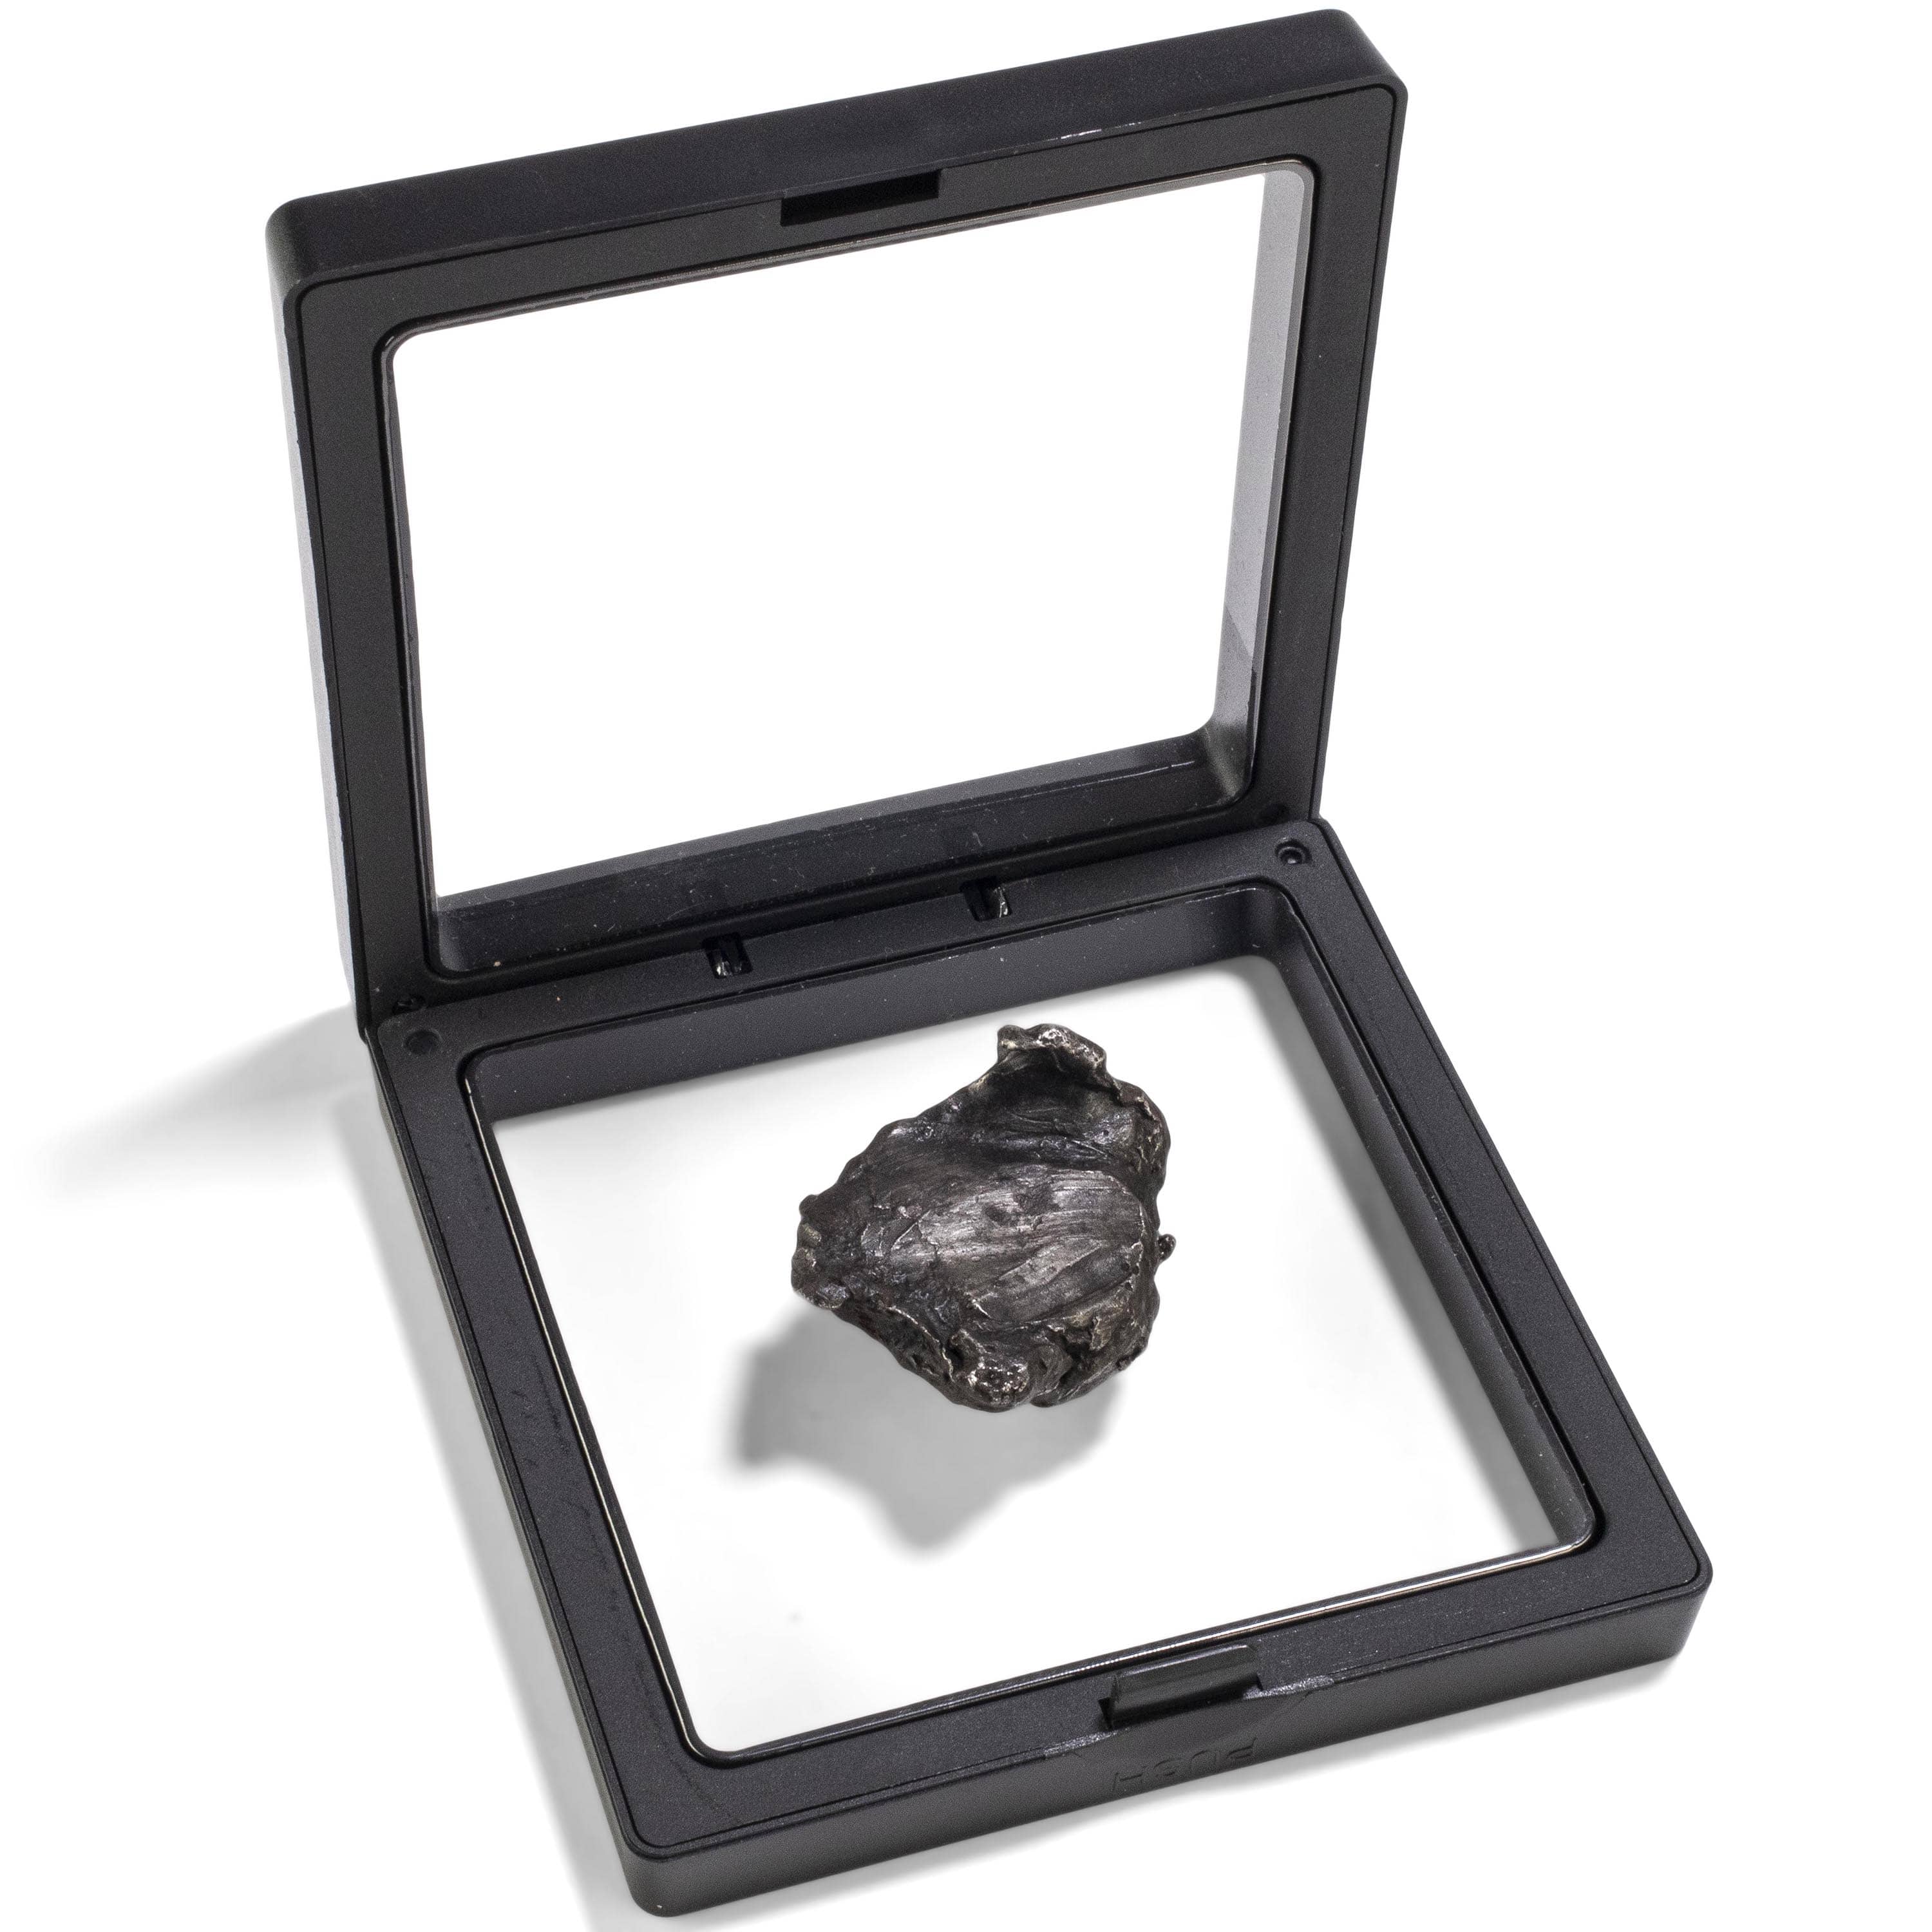 Kalifano Meteorites Natural Sikhote-Alin Meteorite from Russia - 38 grams MTS800
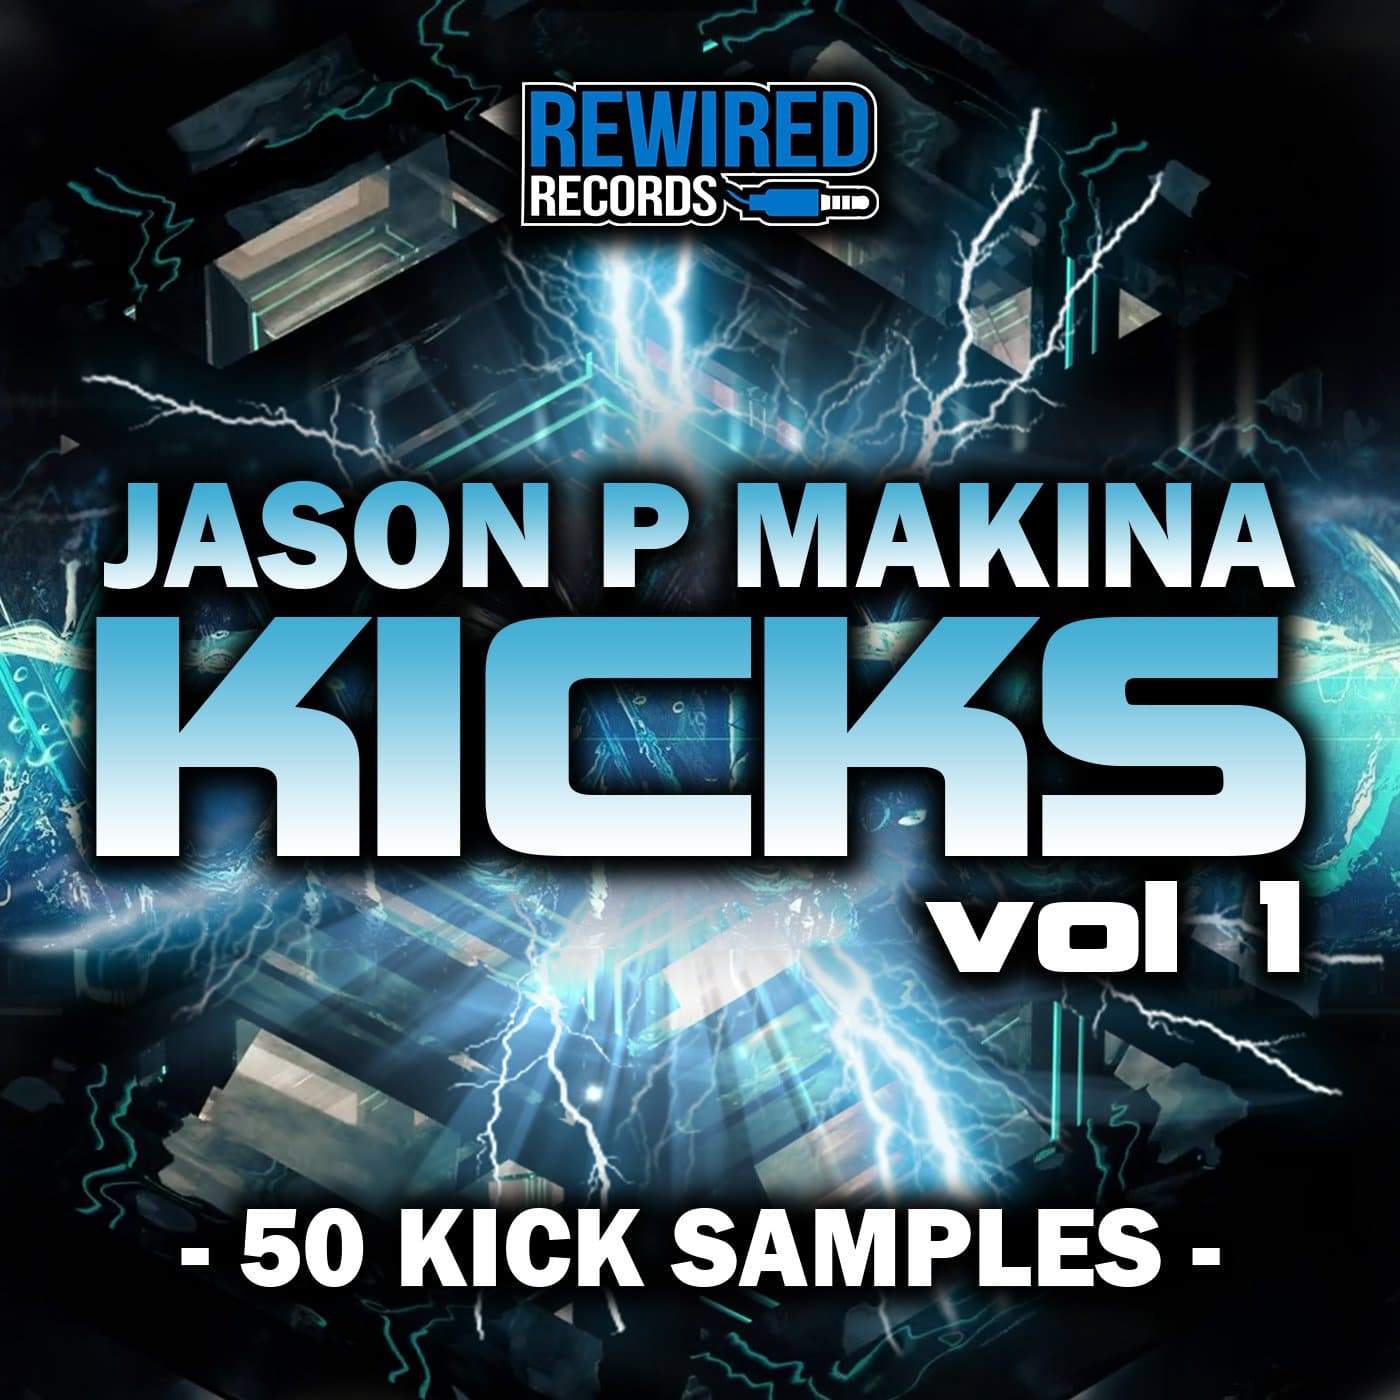 Jason P - Makina Kicks Vol 1 - Rewired Records
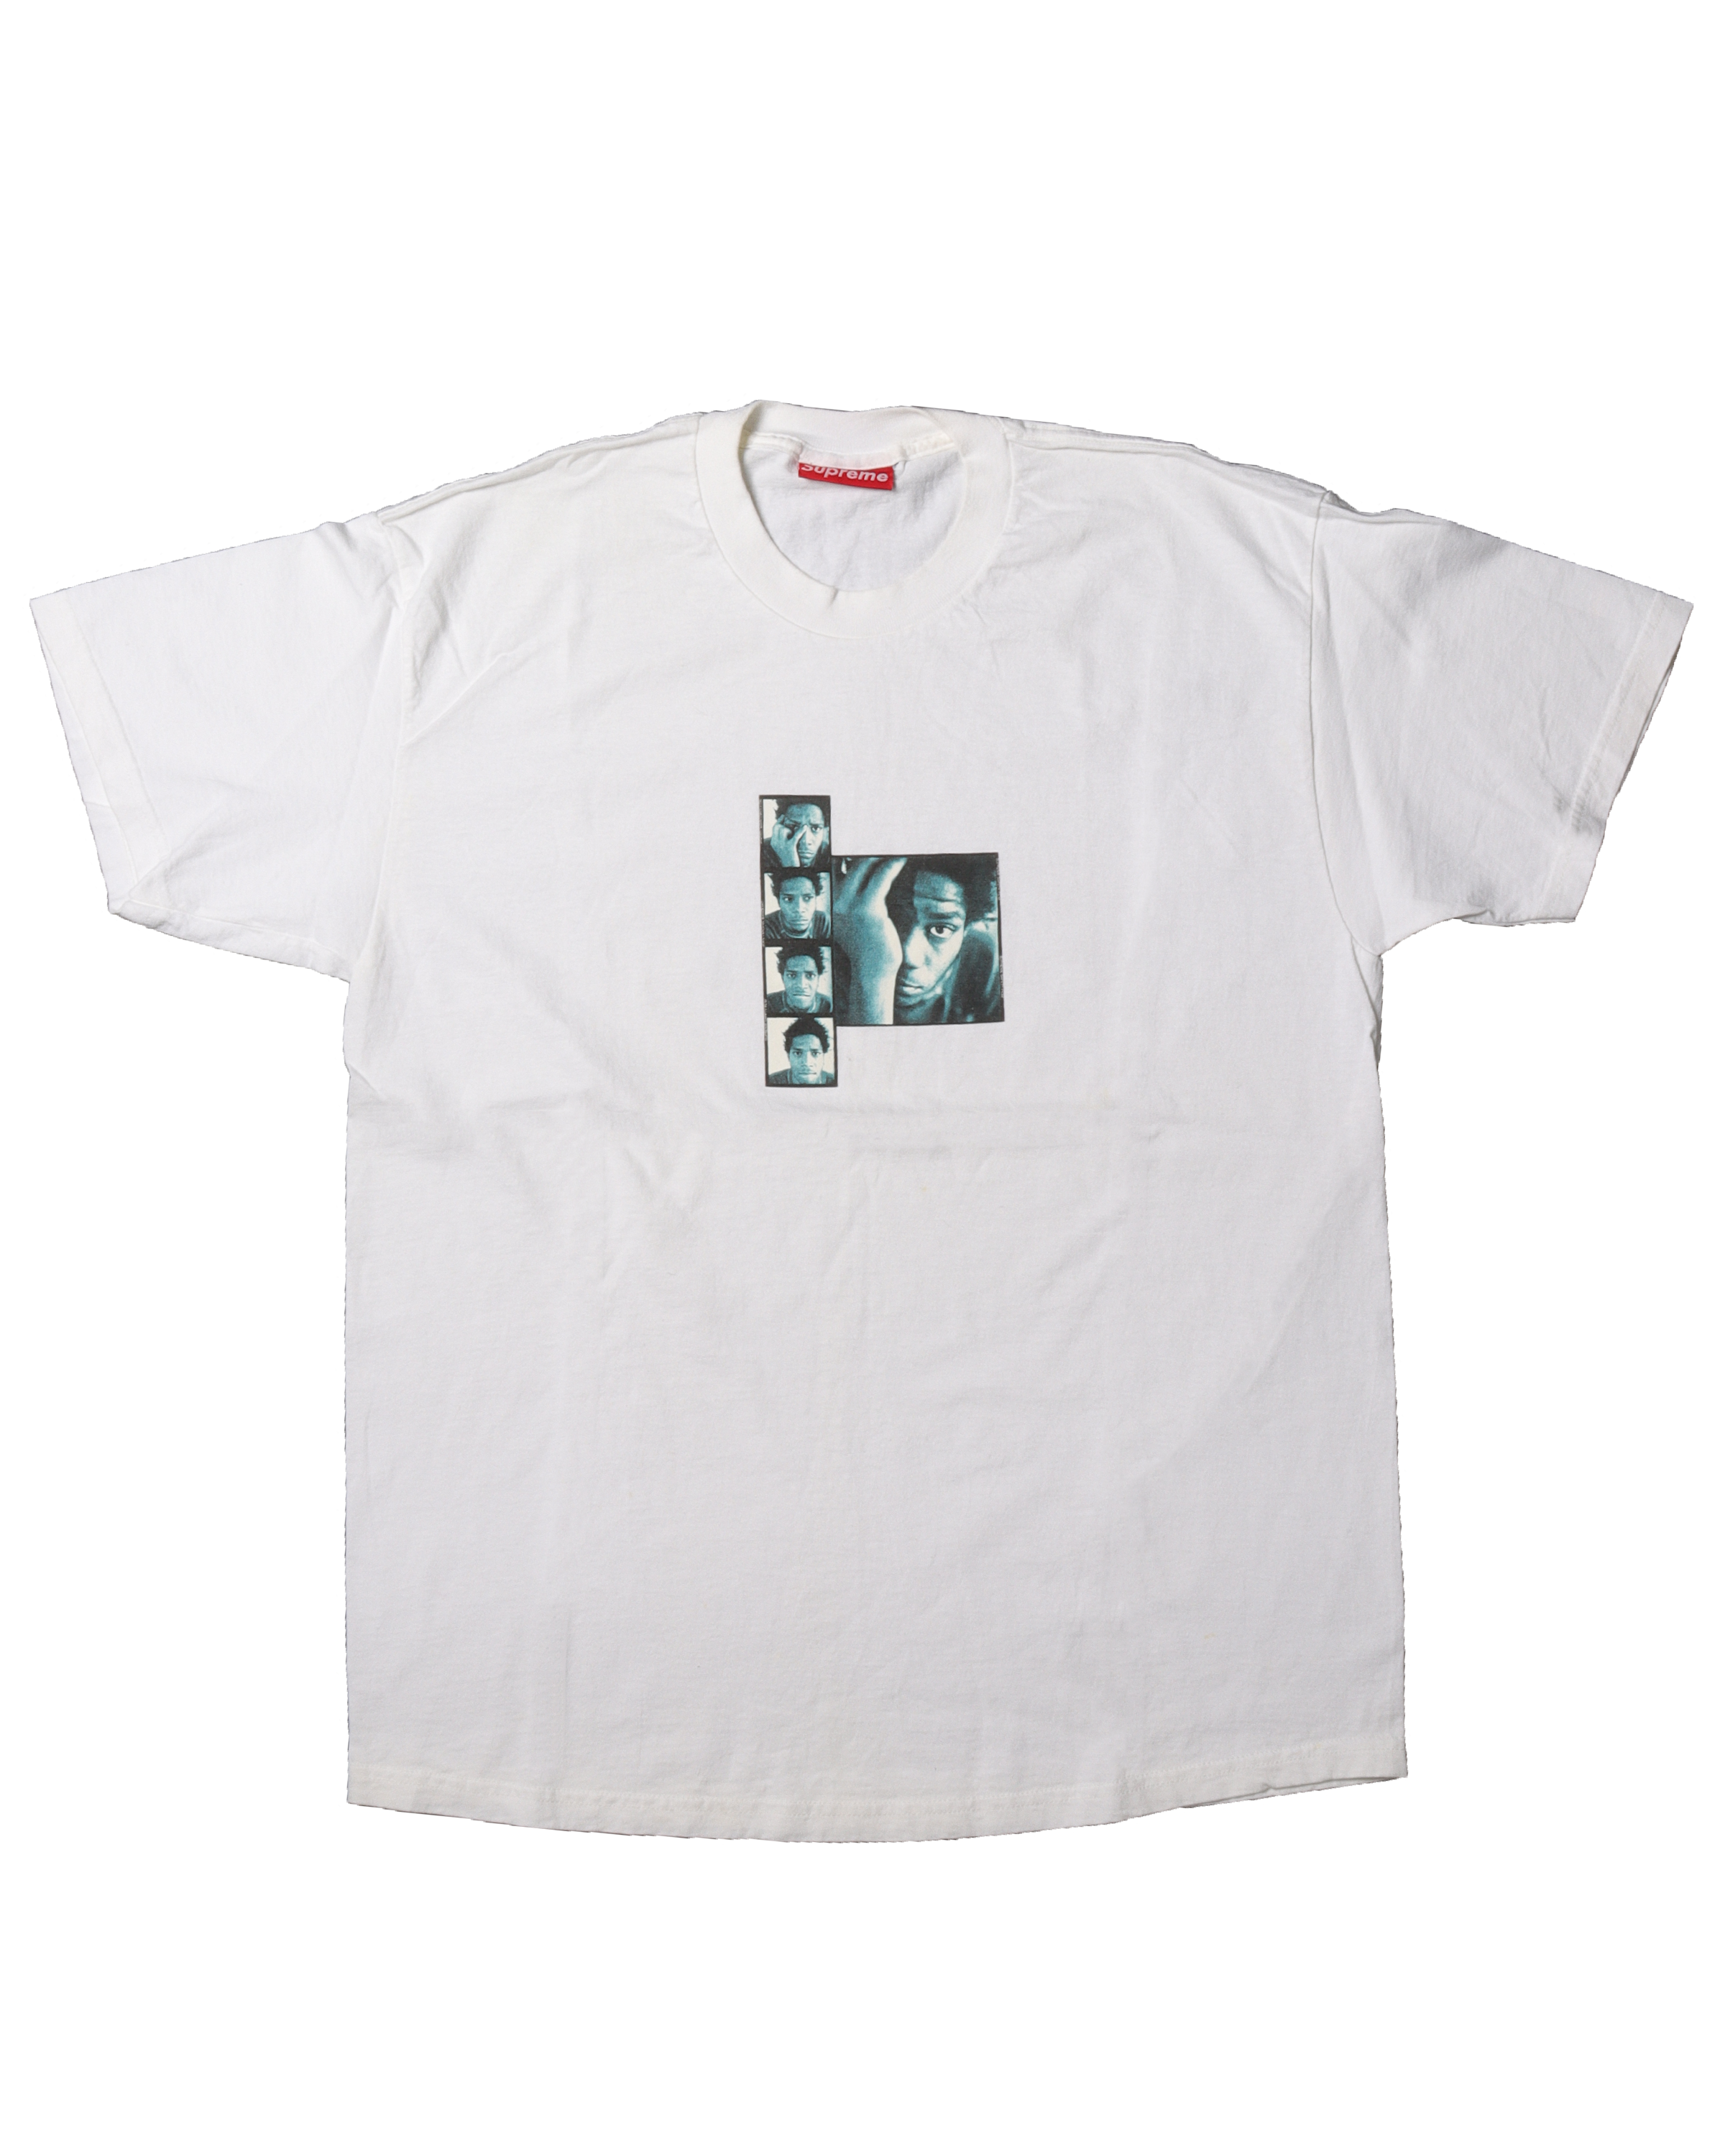 Supreme 1996 Ari Marcopoulos x Jean Michel Basquiat White T Shirt

+===+

§ **WHAT THIS TASK INVOLVES**:
Please print the material exactly as given above, omitting the pictures.

§ **PROBLEM SOLUTION**:
 Kalifano Meteorites Natural Sikhote-Alin Meteorite from Russia - 38 grams MTS800
 Jason P - Makina Kicks Vol 1 - Rewired Records
 Supreme 1996 Ari Marcopoulos x Jean Michel Basquiat White T Shirt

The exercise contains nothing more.